My favorite example, from early in the book, comes from the reveal of how iron gets into enriched flour. Of course, enriched flour is a good thing, with the added vitamins & minerals helping to eliminate the (now forgotten) disease pellagra. (Although if everyone ate a balanced diet and used whole wheat flour we wouldn't need enrichment, we'd be getting all the vitamins & minerals we need.) Now, when you make iron into steel, a big coating of rust covers the steel. So it's bathed in sulphuric acid, where the rust falls to the bottom, ultimately getting separated from the acid then ground into powder and sprinkled into flour. Voila! You've just enriched your flour with iron.

Yummy!

And so it goes, from oil refinery to chemical processing plant to your mouth.

Ettlinger's a good writer and, though the process becomes somewhat repetitive with yet another chemical plant extracting yet another oil-based ingredient, it's a great look at where we get all the packaged stuff that lines grocery store shelves - and is slowly killing us all.

Bon appetit! 

Friday, May 7, 2010

A Hard Rain


I pulled into the church parking lot and nearly ran over Satcom 5.  It lay on the pavement, shattered, flattened, like something attached to the back of Wile E Coyote after he smacked into the side of a mountain. The four solar panels spread out like cracked mirrors, still attached to the central core. Even from a distance I recognized the remains of the American flag painted on its side.

I stopped the bus and told the kids to sit tight.

Tendrils of smoke rose from broken components, the burnt electric smell stinging my nostrils. I kneeled, trying for a closer look. Couldn’t have been here long. Fresh. I glanced around, but the church grounds were still empty in the dawn light. I still had time to clean it up before the Fire Brigade caught whiff of the wreck.

“Joey,” I shouted toward the bus. “Grab a bucket.”

We swept up what we could, salvaged a few bits and bobs and shoveled the remains into a ditch behind the Family Life Center. Joey and a few of the older boys covered the whole pile with leaves.

 “When will it stop raining satellites?” Joey asked.

“I don’t know, son.” We put our tinfoil hats back on. “I don’t know.”

Thursday, May 6, 2010

Rosebud


In honor of Orson Welles birthday, here is a list of books I’ve read about him over the years.

I owned Pauline Kael's Citizen Kane Book for years before finally reading it. I remember it as an evisceration of Welles and epistle to writer Herman Mankiewicz.
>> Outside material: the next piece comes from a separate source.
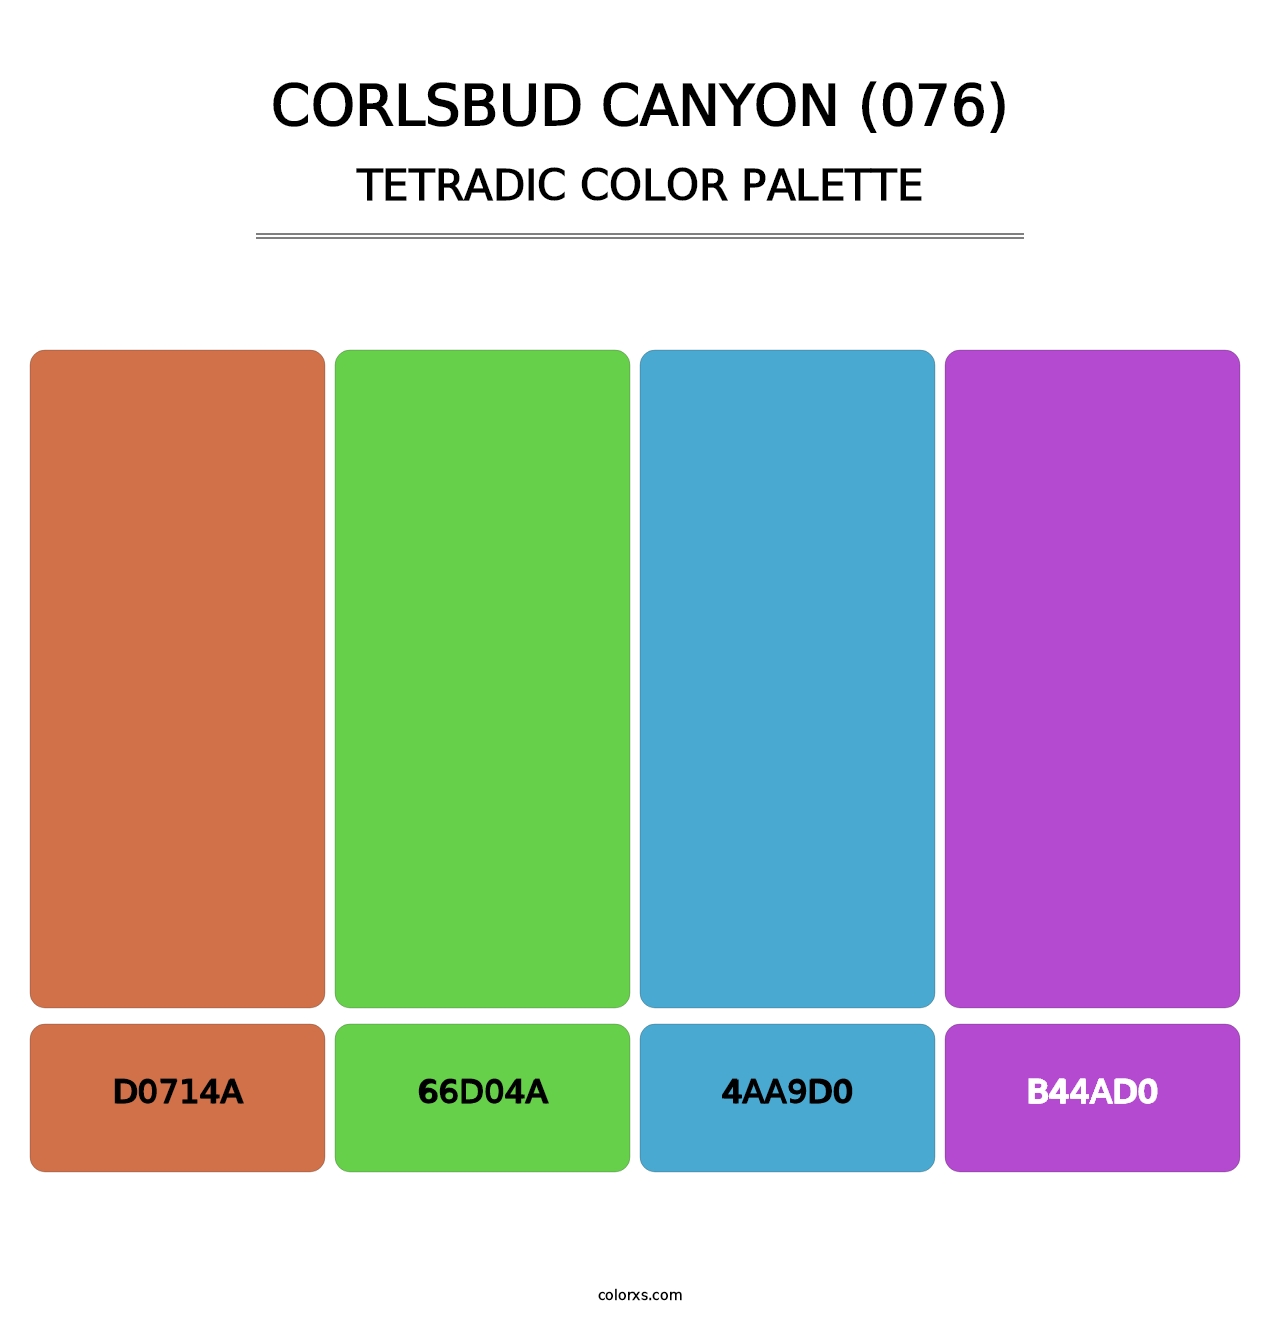 Corlsbud Canyon (076) - Tetradic Color Palette
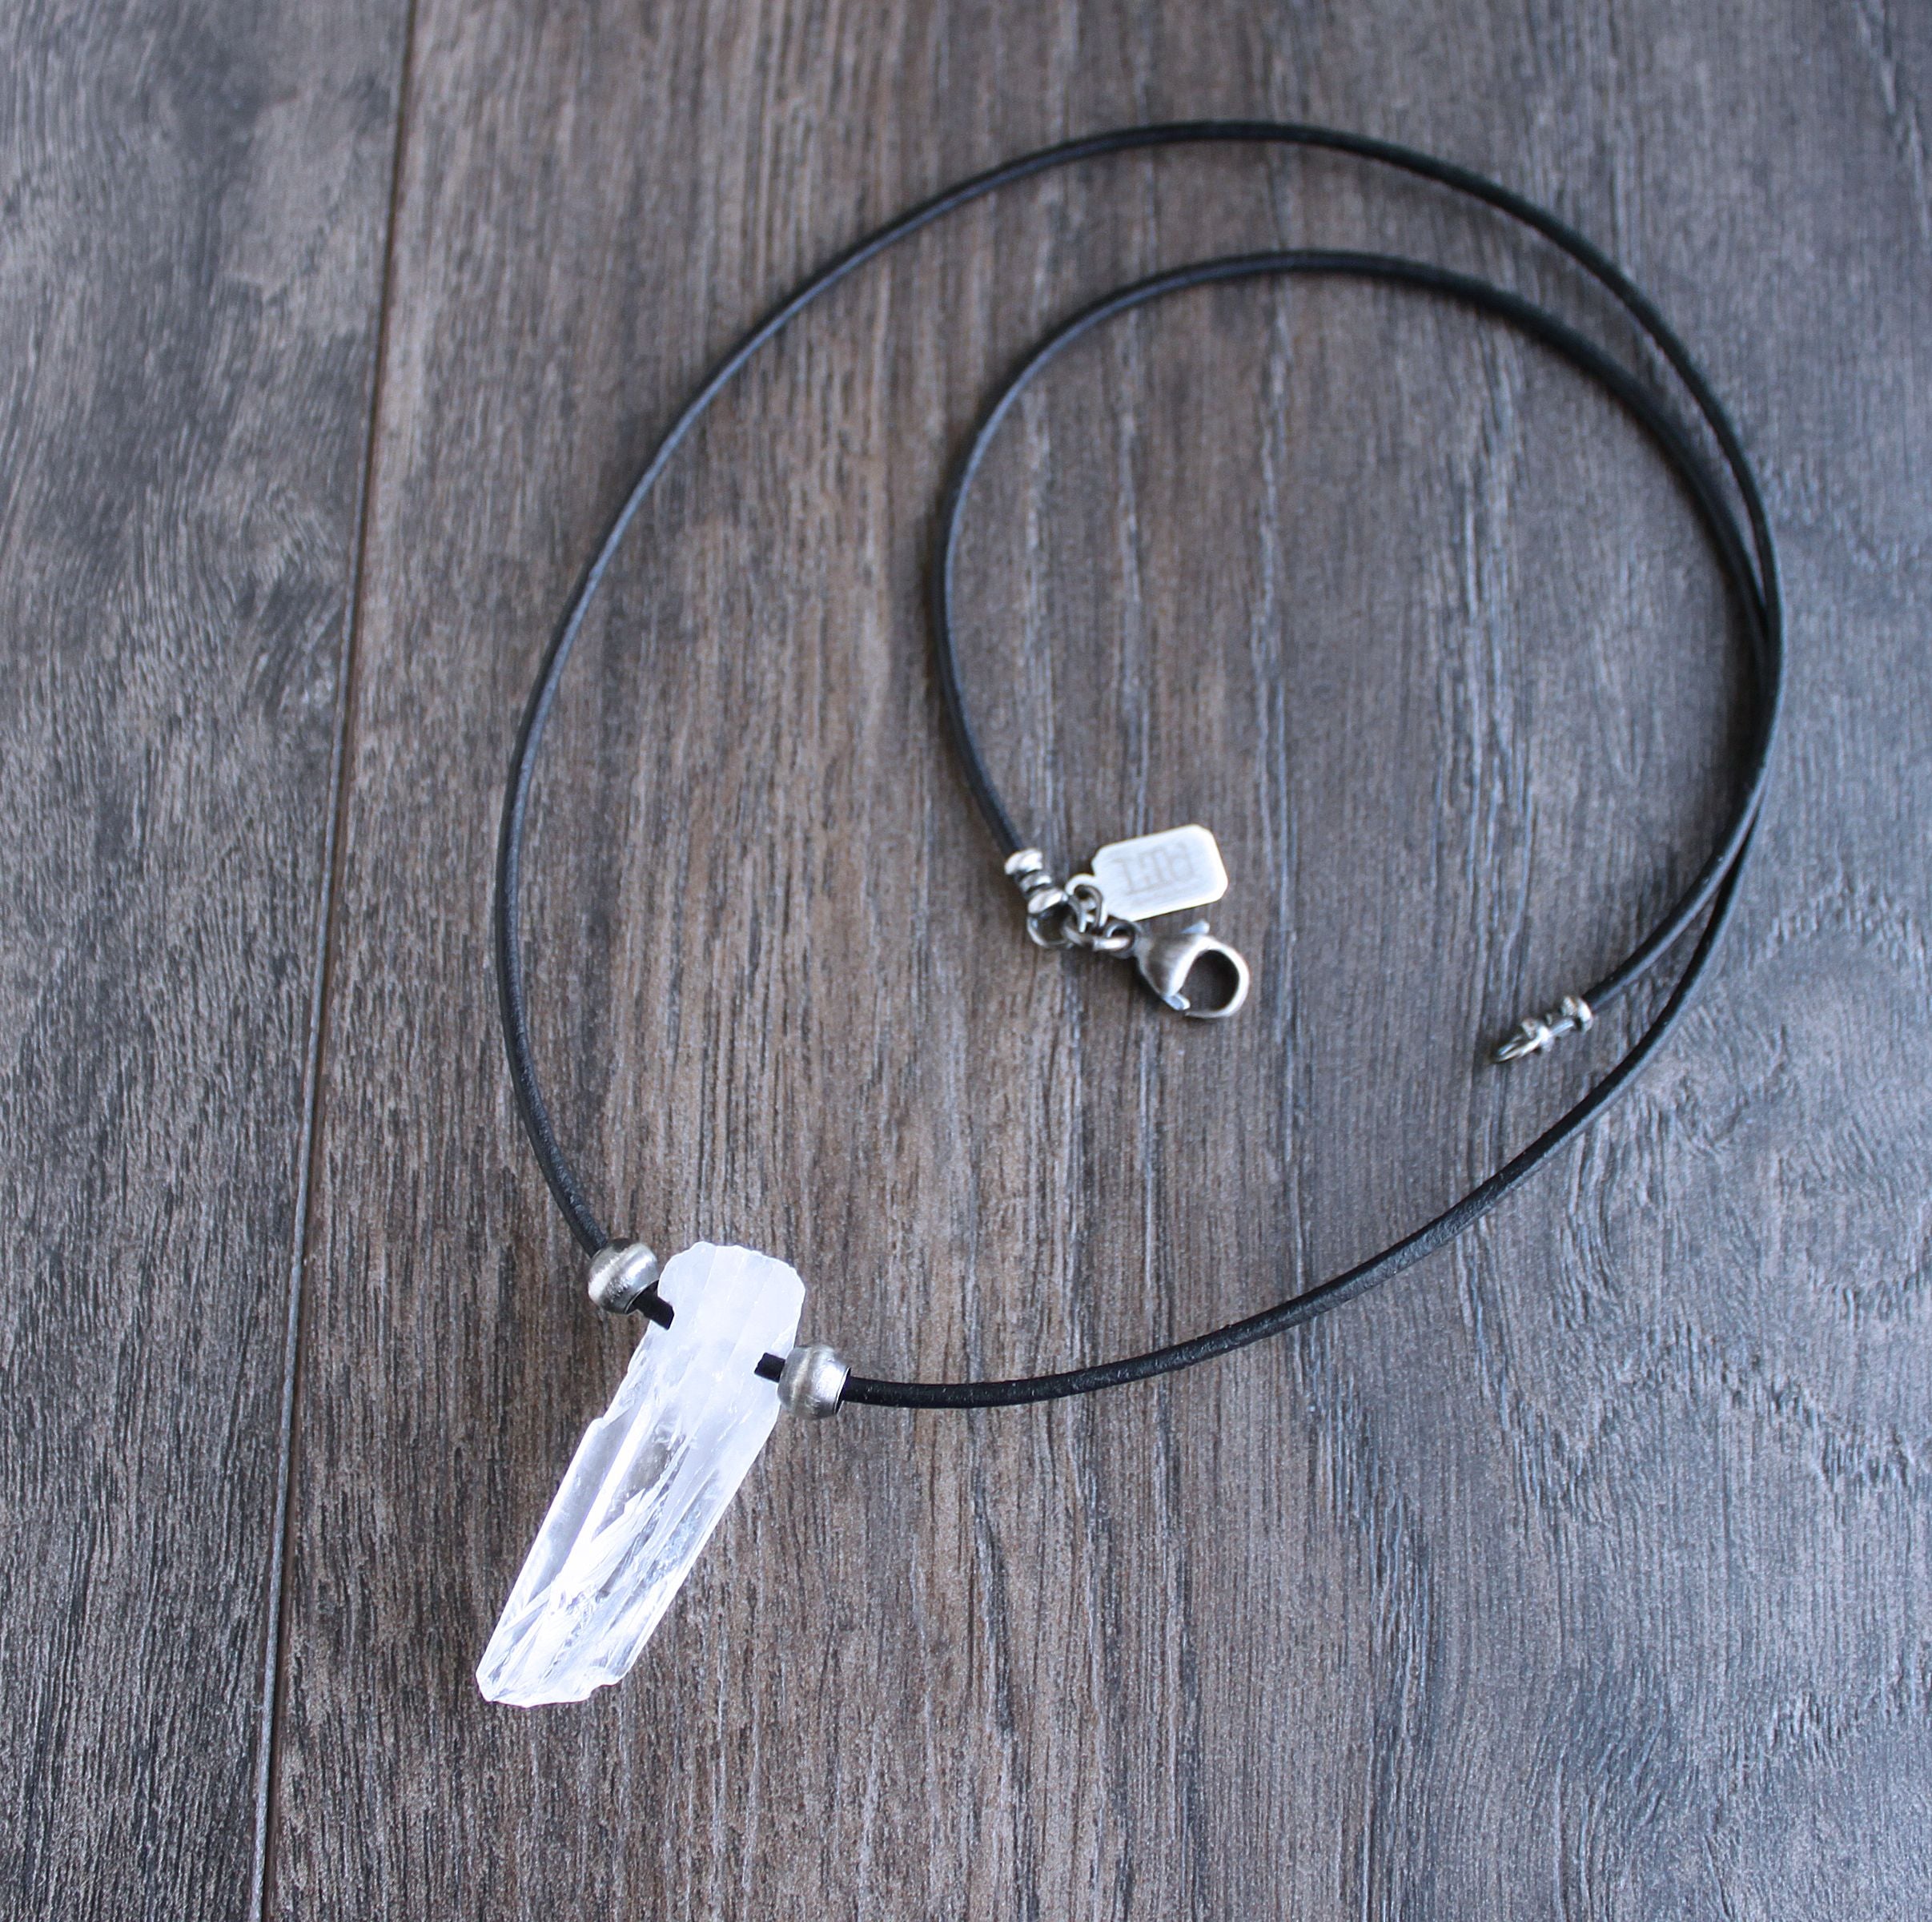 Gemstone Bullet Pendant Healing Quartz Crystal St Steel Chain Men Necklace  | eBay

Then I read Road to Xanadu by Simon Callow and was just completely mesmerized by it. The book is amazing, as was Welles’ early life. Absolutely essential reading.

I loved the book and Welles so much afterward that I started seeking out more about him.

This is Orson Welles is a compilation of interviews Welles did with director Peter Bogdonavich. Amusing and anecdotal, like sitting in a room with Welles for a few hours.

Moby Dick – Rehearsed is a play written by Welles, an adaptation of the novel which I bet made for a riveting evening of theatre.

The Big Brass Ring is a screenplay by Welles that got made by others after his death.

Orson Welles by Joseph McBride is one of the other main bios of Welles and I don't recall a lot of details about it, but know I enjoyed it.

The Theatre of Orson Welles by Richard France was more of an academic book, one I got through interlibrary loan. Callow's book made me really wish I could have seen Welles' live productions with the Mercury Theatre and this helped flesh out more of that. 

I got Callow’s second volume, Hello Americans, shortly after it was released but I’m just now getting a chance to read it. Can’t wait.

Well, there you go. I told you it would be pretty much a list.